■ TASK INPUTS
⟨

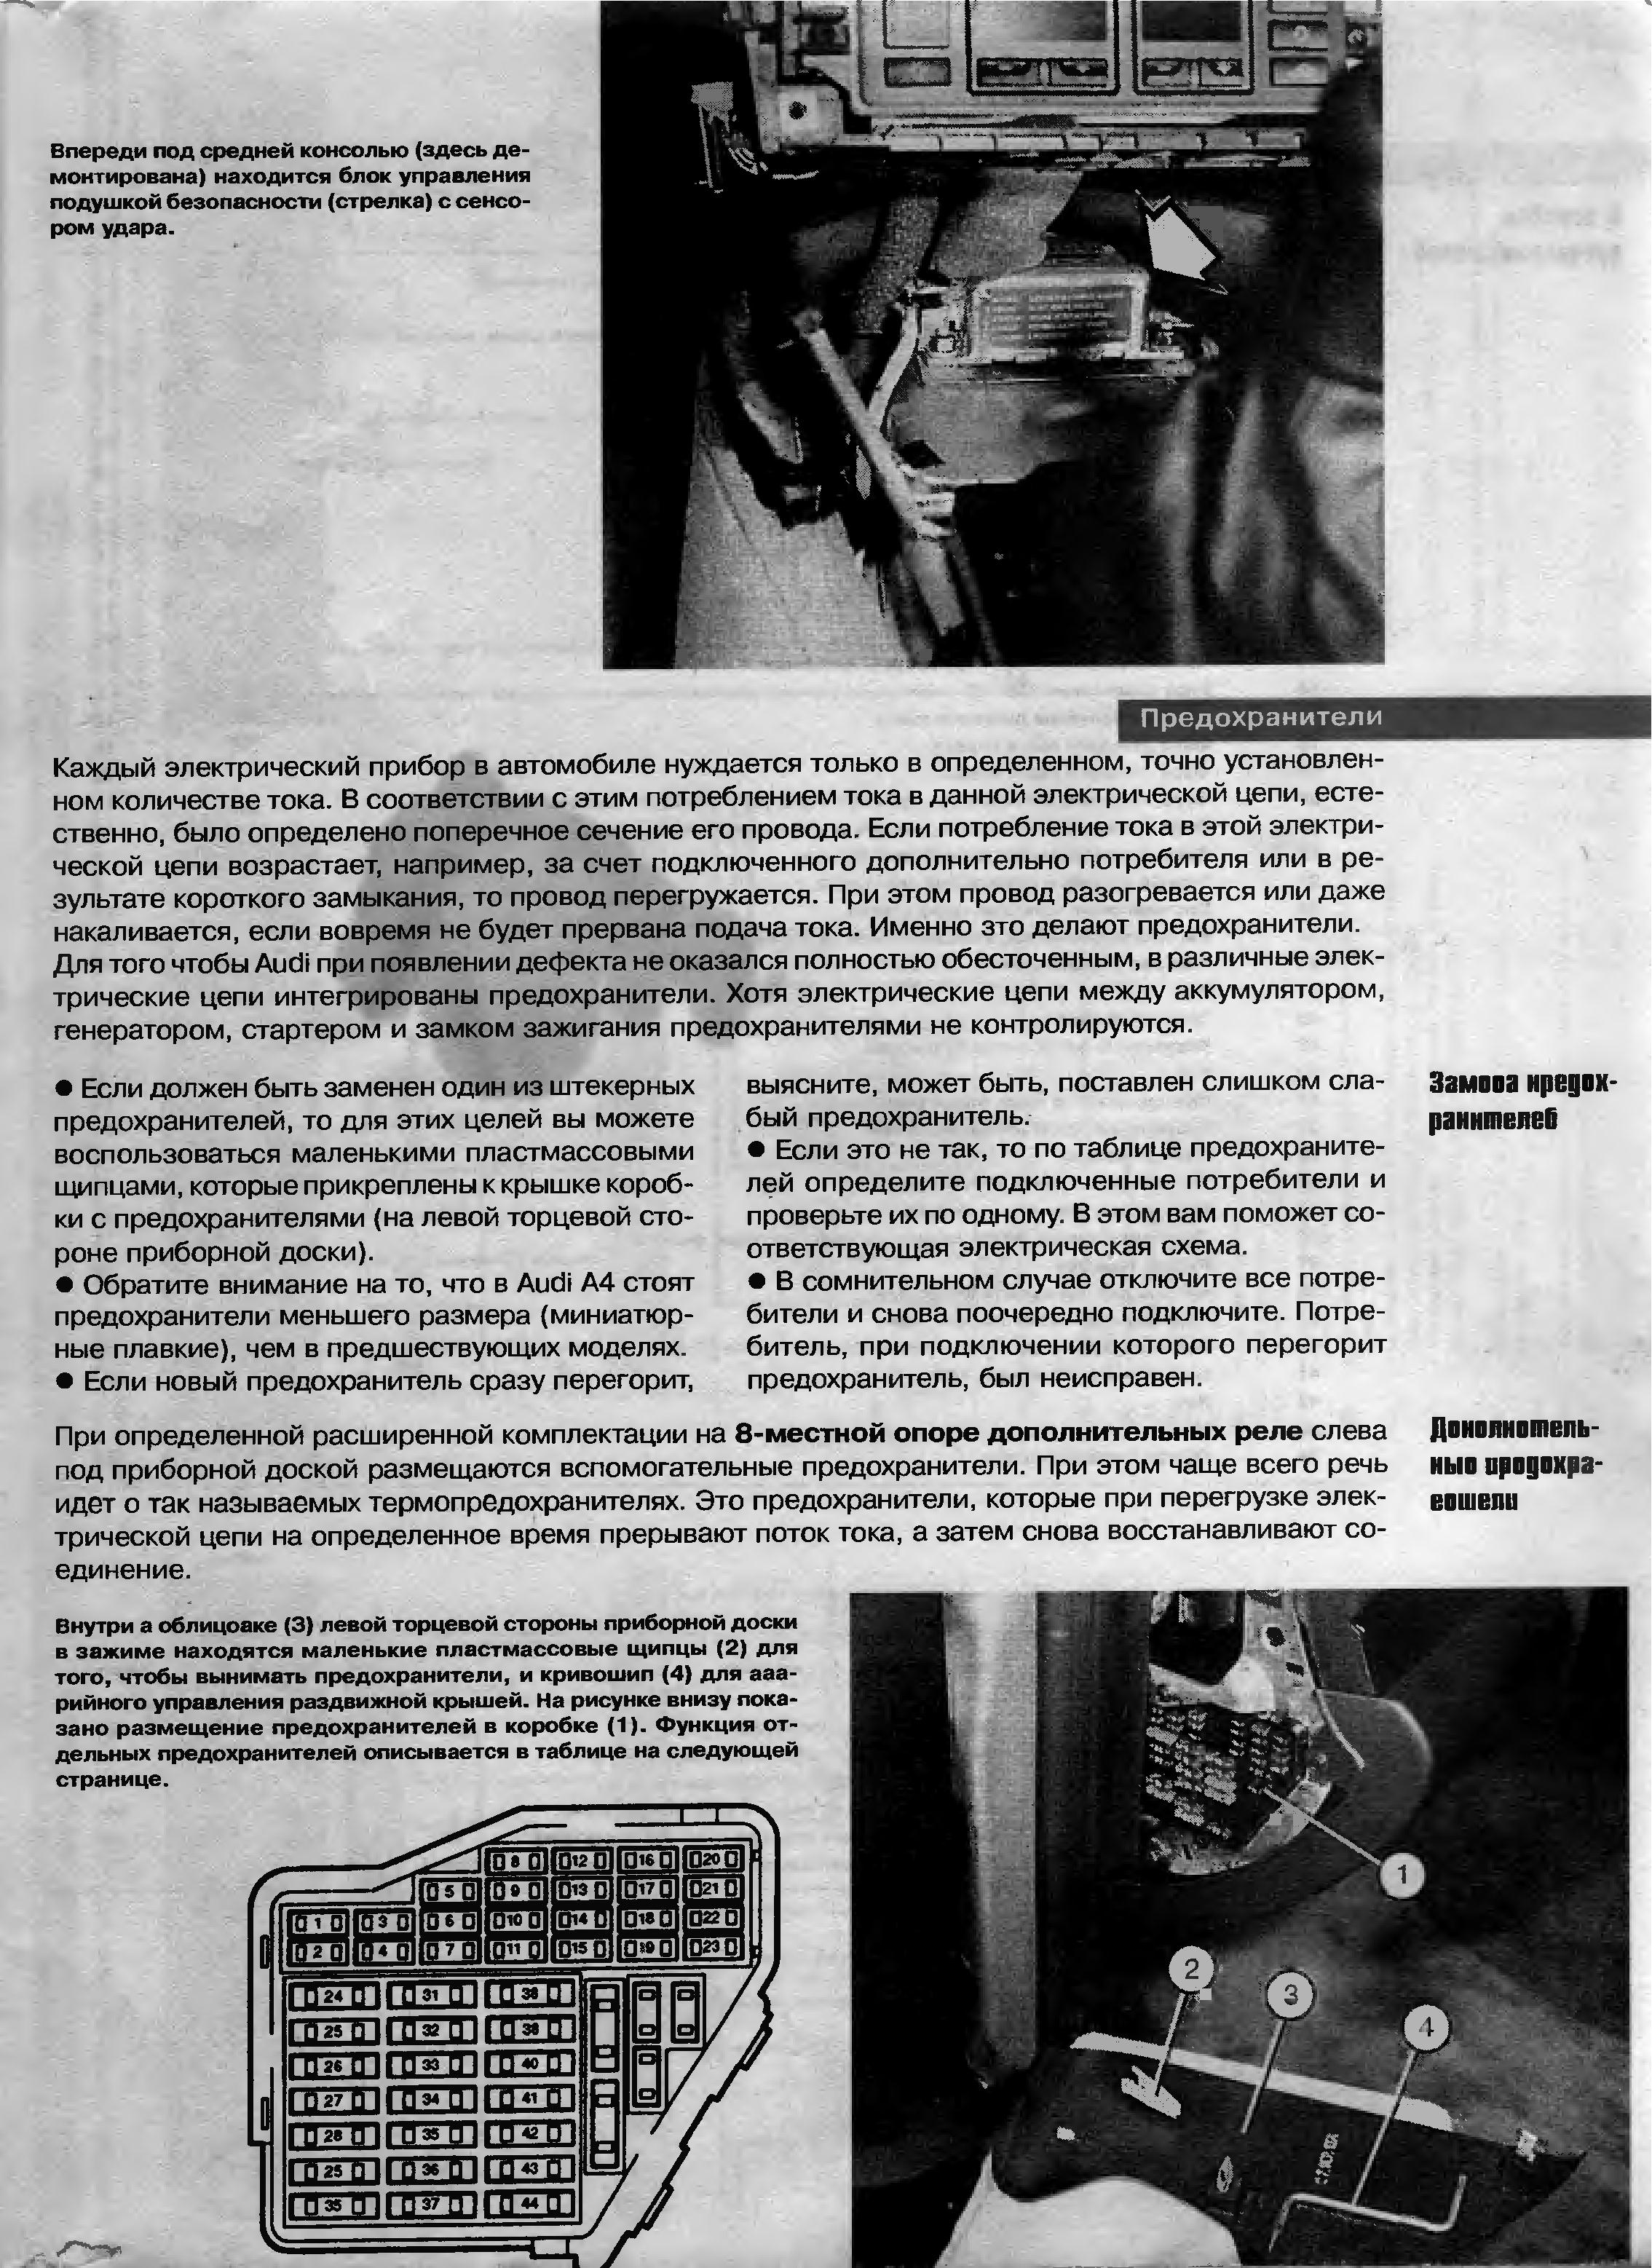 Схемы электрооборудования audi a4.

⟩
⟨

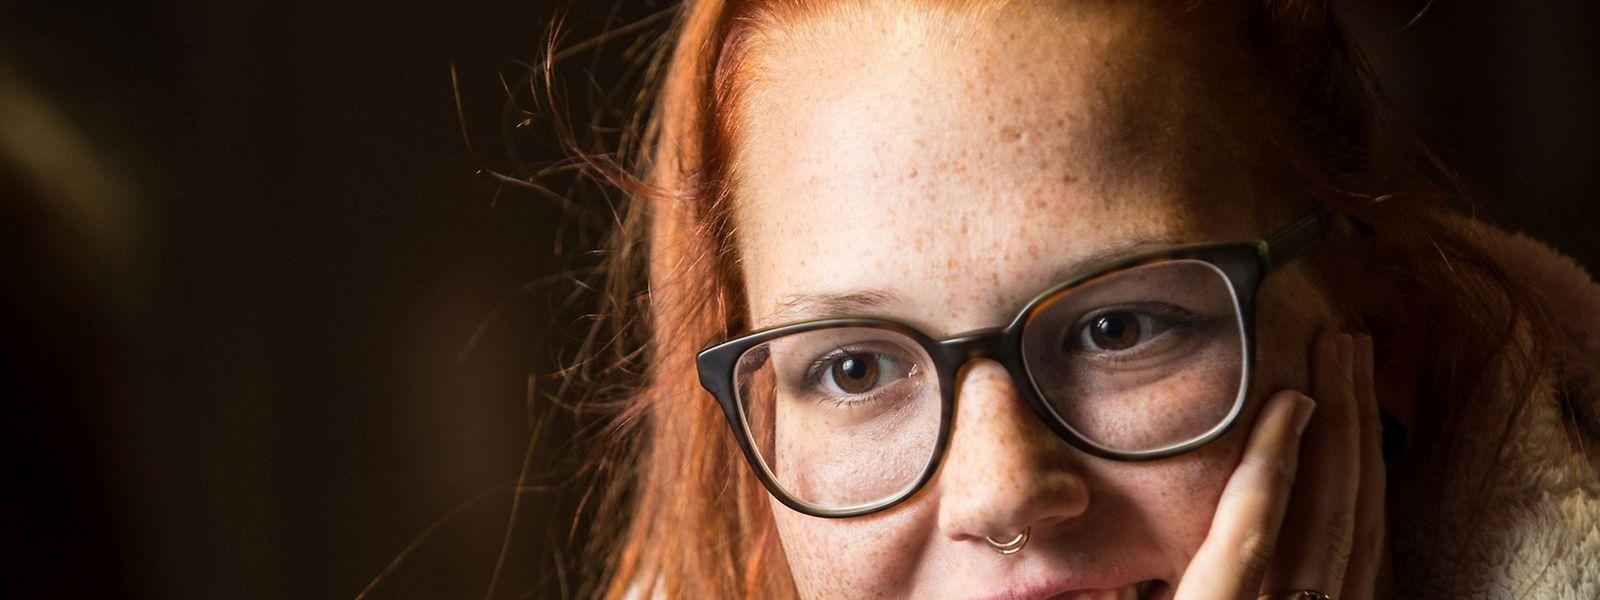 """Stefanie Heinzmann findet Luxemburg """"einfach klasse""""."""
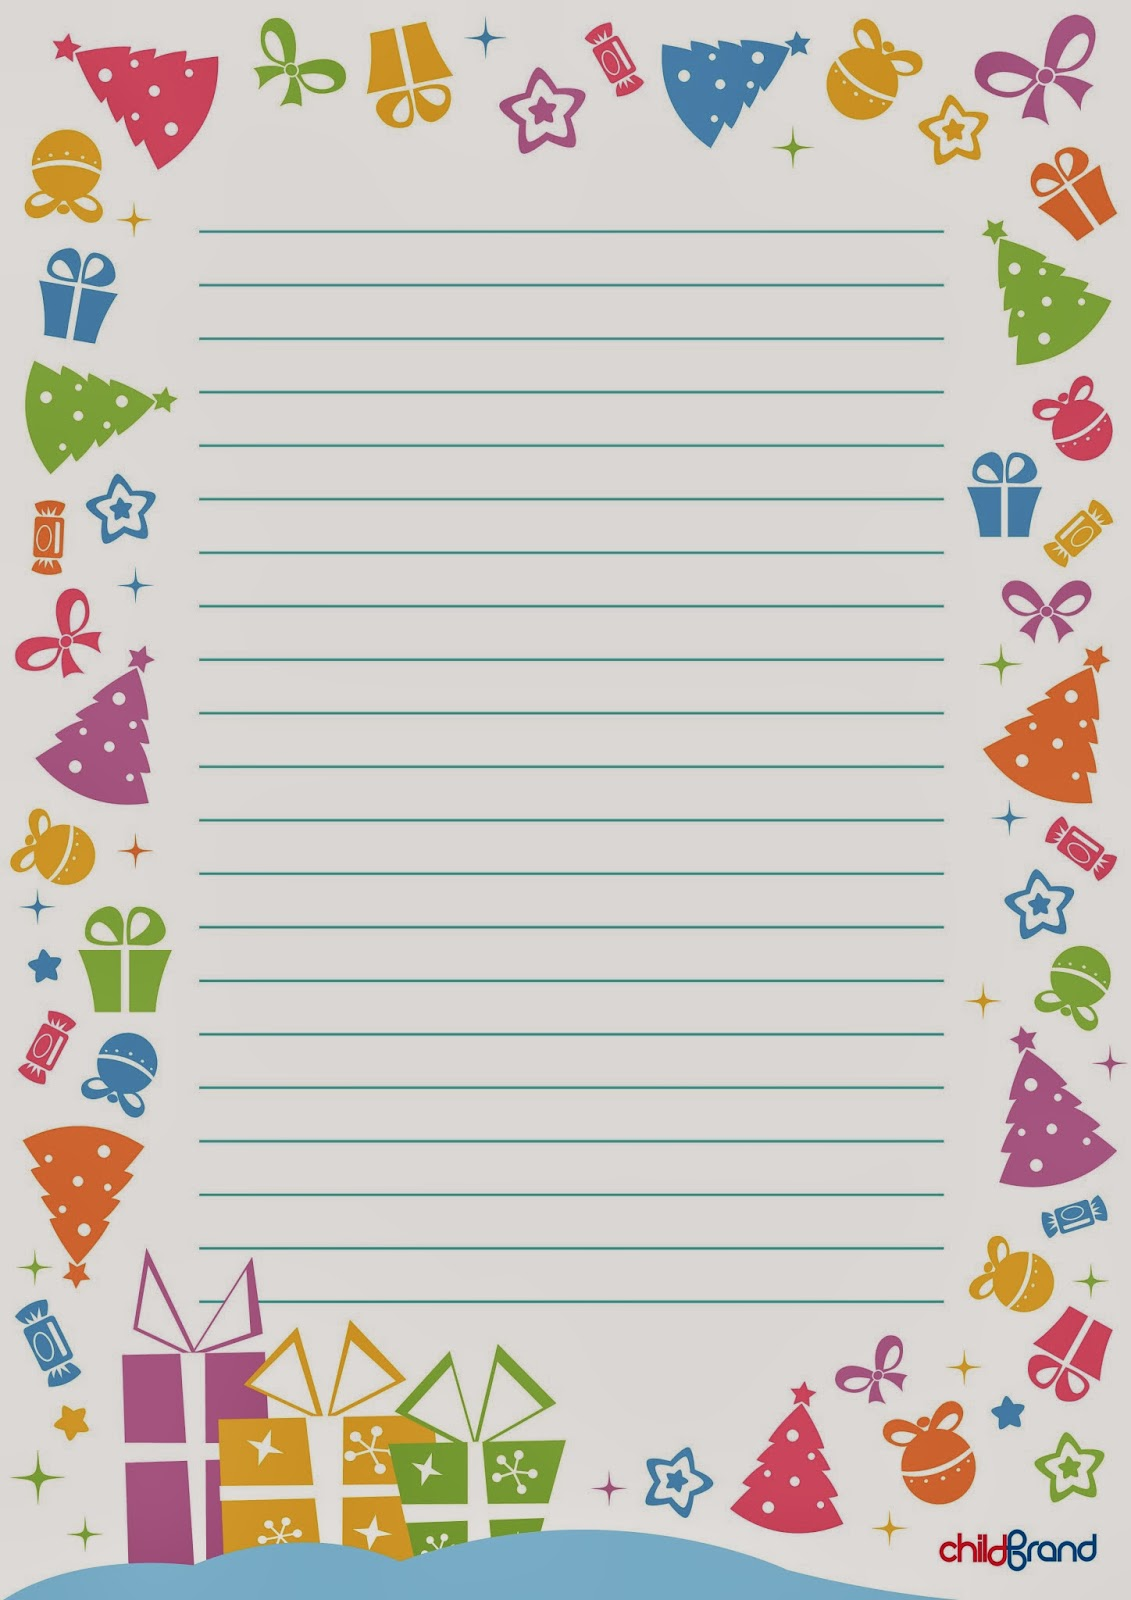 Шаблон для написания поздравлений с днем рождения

⟩

■ TASK DETAILS
Once the line with "Heinzmann findet Luxemburg" is found above, print it and every line after it through the line with "Шаблон для написания", exactly. Pictures stay out.

■ RESPONSE TO THIS EXERCISE
 """Stefanie Heinzmann findet Luxemburg """"einfach klasse""""."""
 Шаблон для написания поздравлений с днем рождения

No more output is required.